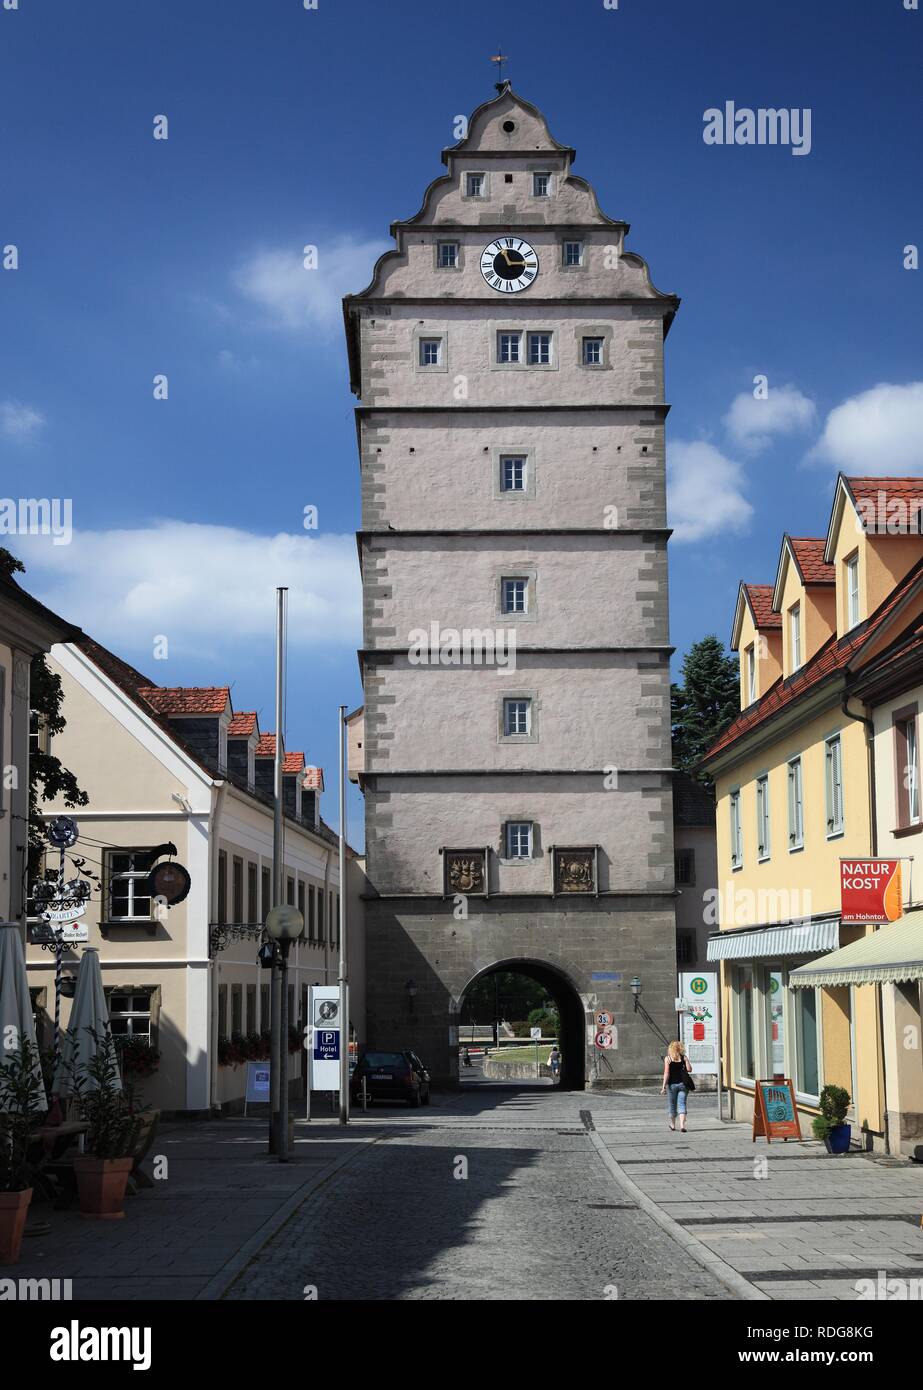 Hohntor gate tower, Bad Neustadt an der Saale, Landkreis Rhoen-Grabfeld district, Lower Franconia, Bavaria Stock Photo
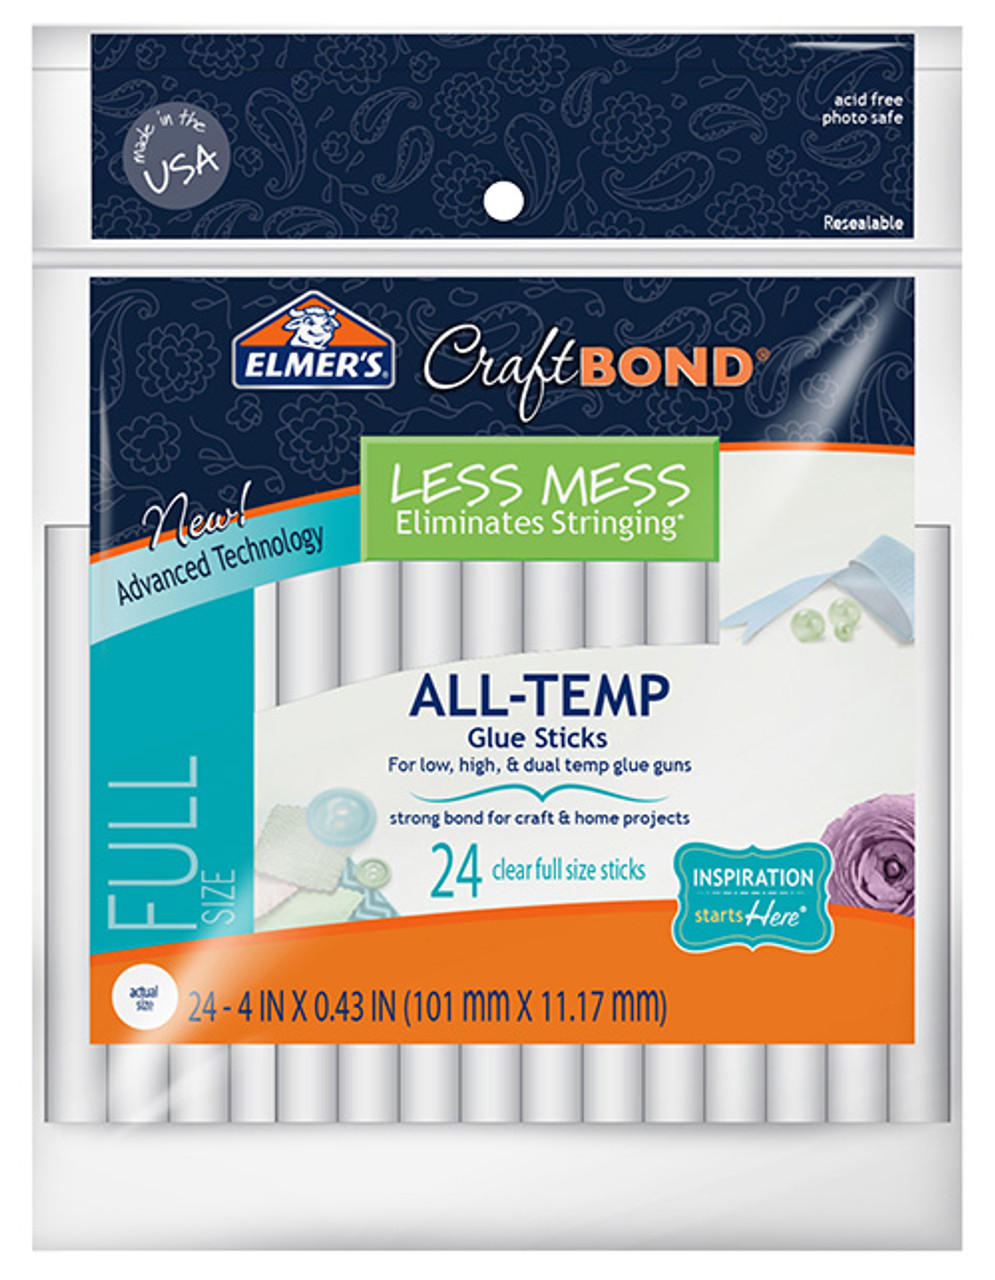 Elmer's CraftBond Less Mess All-Temp Glue Sticks - Each
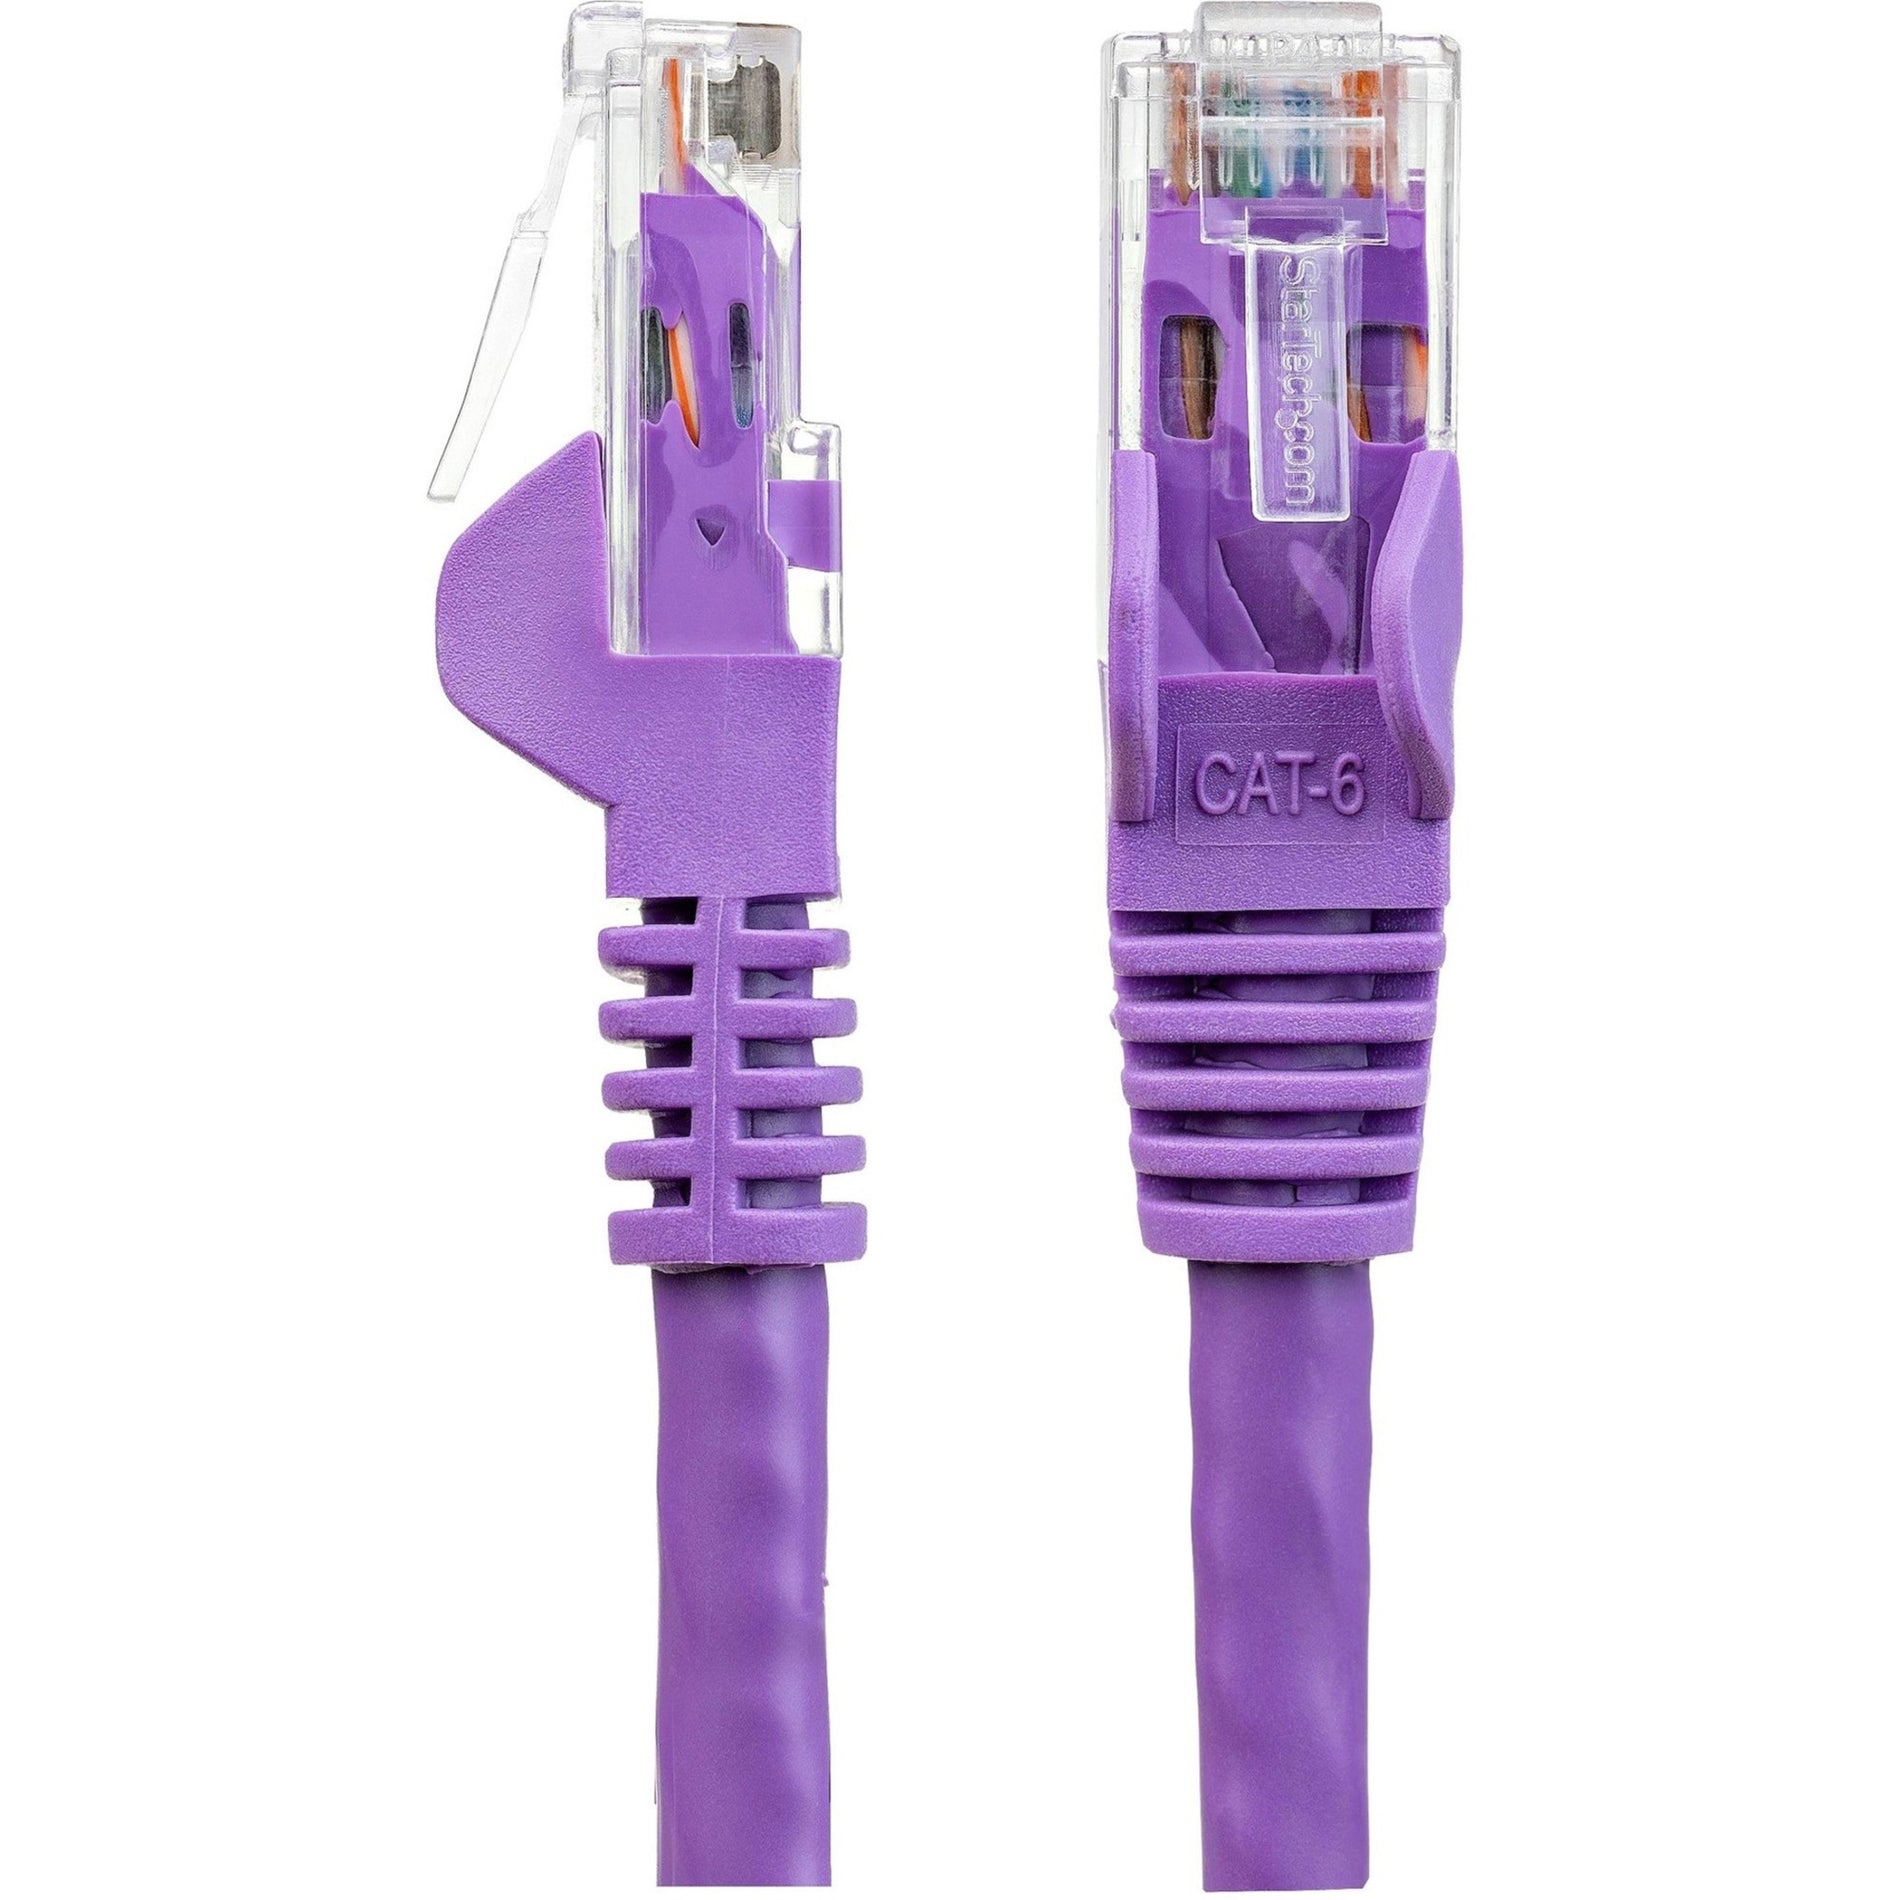 StarTech.com N6PATCH125PL Cat6 Patch Cable, 125ft Purple Ethernet Cable with Snagless RJ45 Connectors

TASK PROMPT: Line by line, return the listing above exactly, leaving out its pictures.

REPLY TO THE EXERCISE:
 Hohntor gate tower, Bad Neustadt an der Saale, Landkreis Rhoen-Grabfeld district, Lower Franconia, Bavaria Stock Photo
 Elmer's CraftBond Less Mess All-Temp Glue Sticks - Each
 StarTech.com N6PATCH125PL Cat6 Patch Cable, 125ft Purple Ethernet Cable with Snagless RJ45 Connectors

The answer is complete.